● **INPUT**:

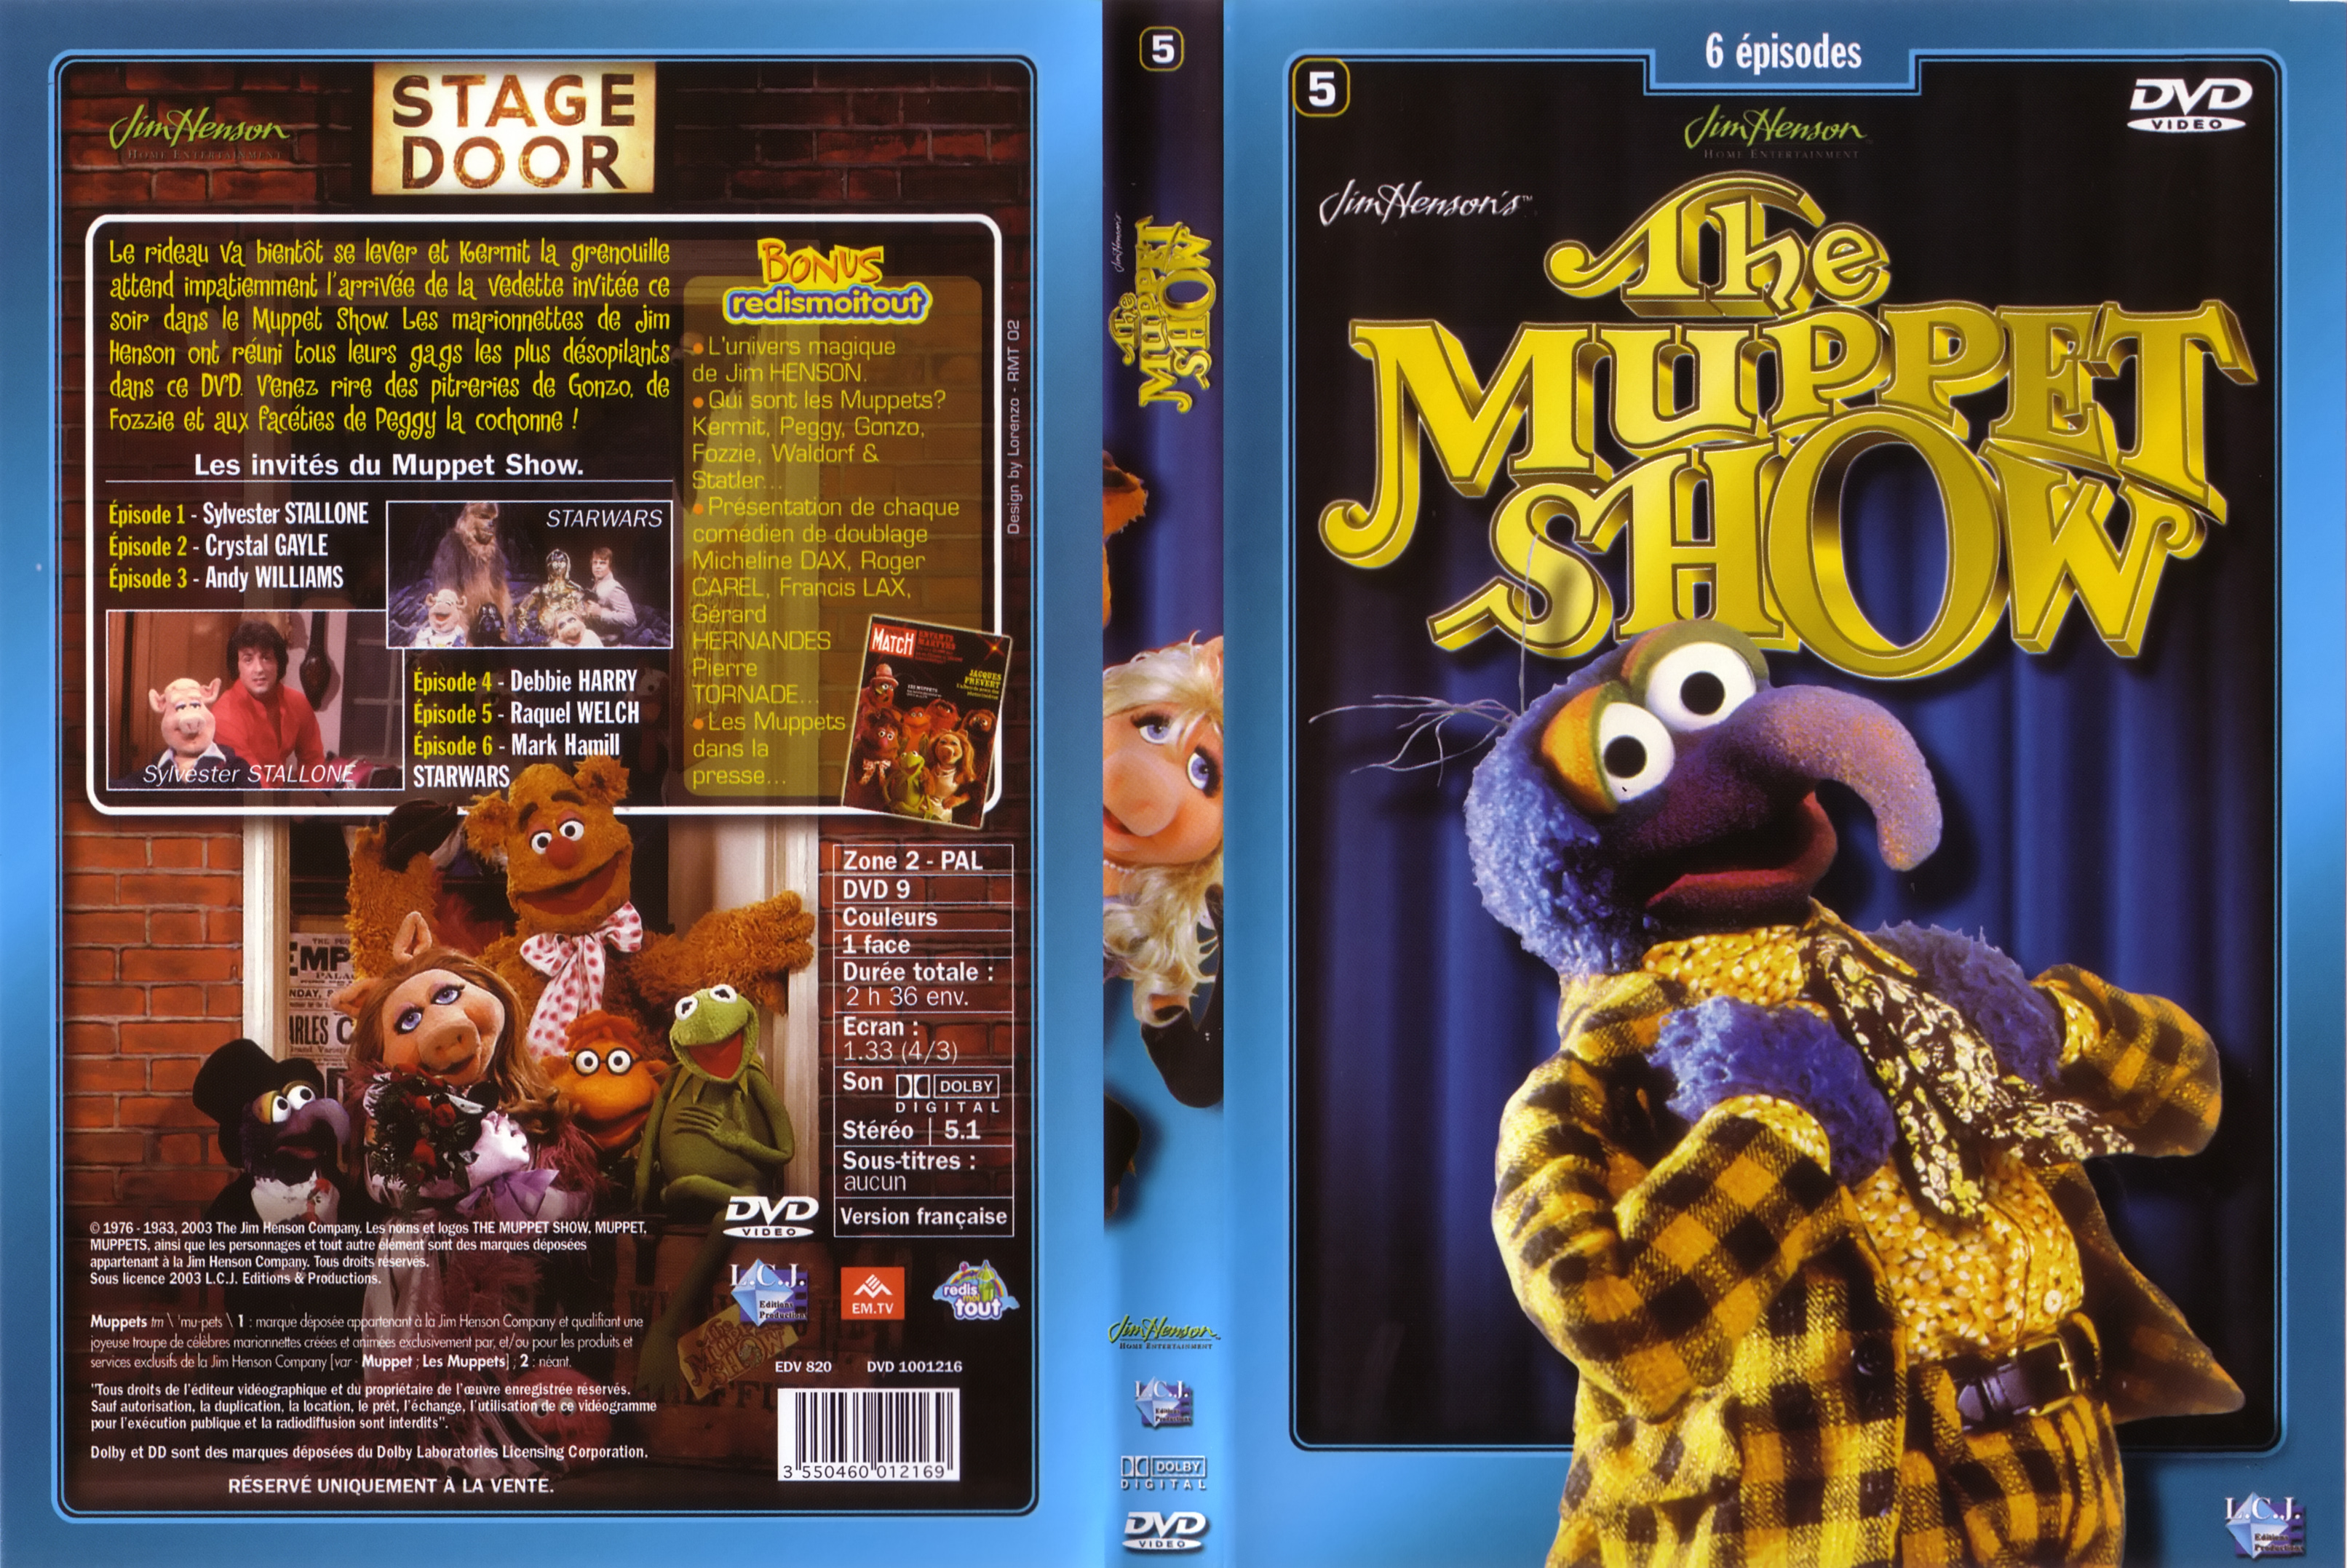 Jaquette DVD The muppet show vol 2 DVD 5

...

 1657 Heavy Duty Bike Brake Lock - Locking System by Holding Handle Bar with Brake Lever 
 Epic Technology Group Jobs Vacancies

--

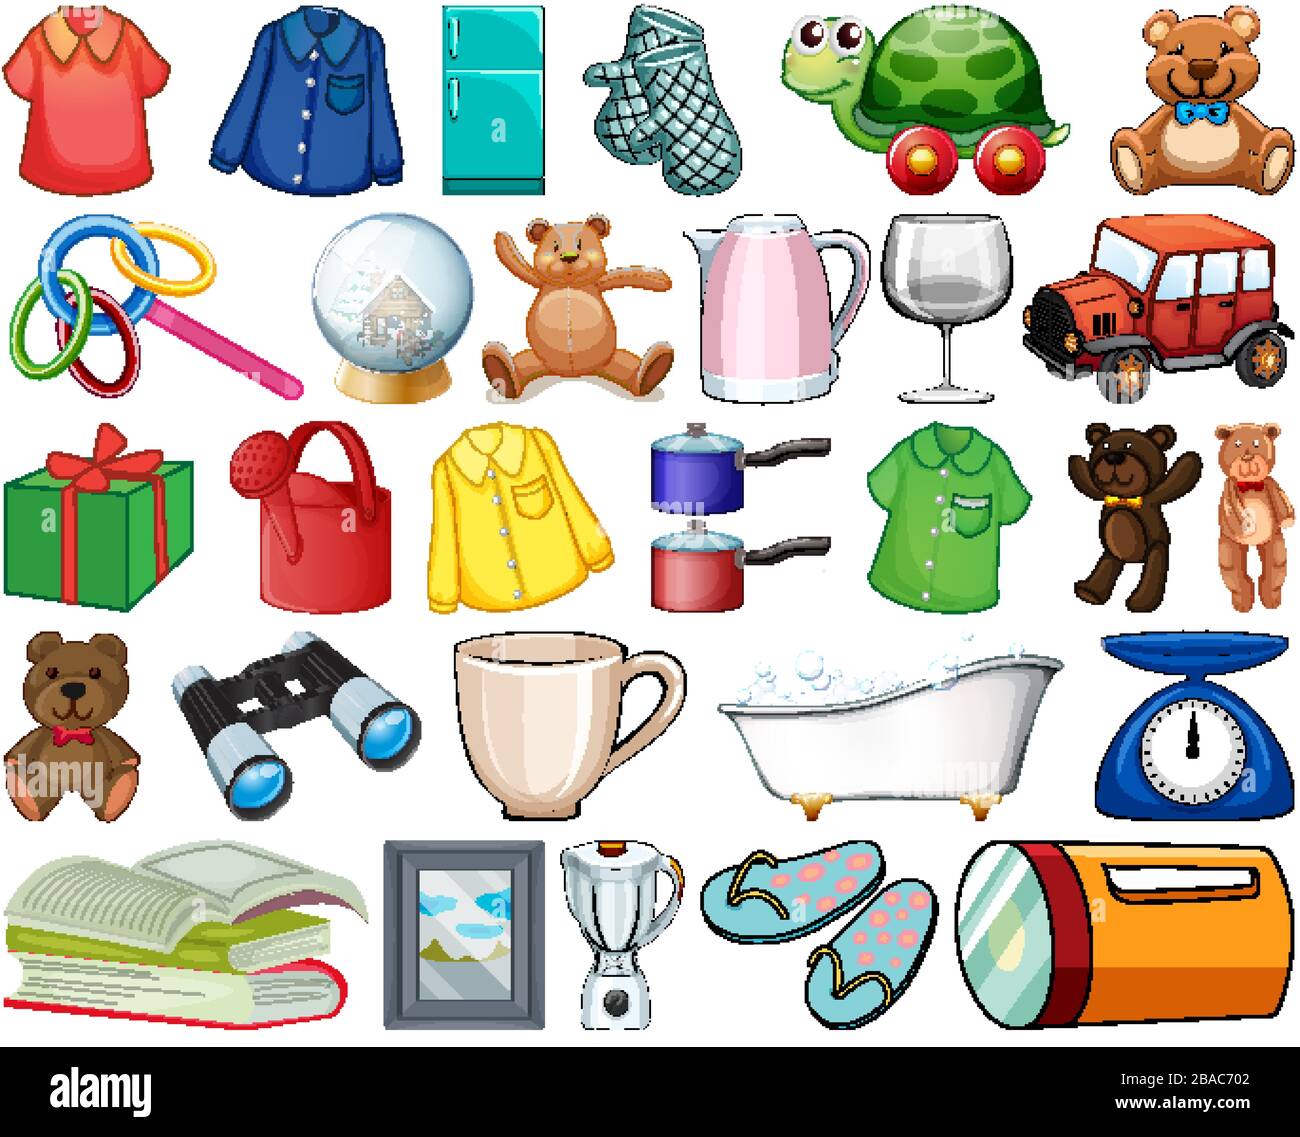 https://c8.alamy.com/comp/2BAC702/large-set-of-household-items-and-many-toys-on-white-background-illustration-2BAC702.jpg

● **WHAT YOU WILL DO**:
All lines in the listing above between the line with "1657 Heavy Duty" and the line with "Epic Technology Group Jobs Vacancies", inclusive, should be set down exactly, and no line outside that range.

● **SOLUTION**:
 1657 Heavy Duty Bike Brake Lock - Locking System by Holding Handle Bar with Brake Lever 
 Epic Technology Group Jobs Vacancies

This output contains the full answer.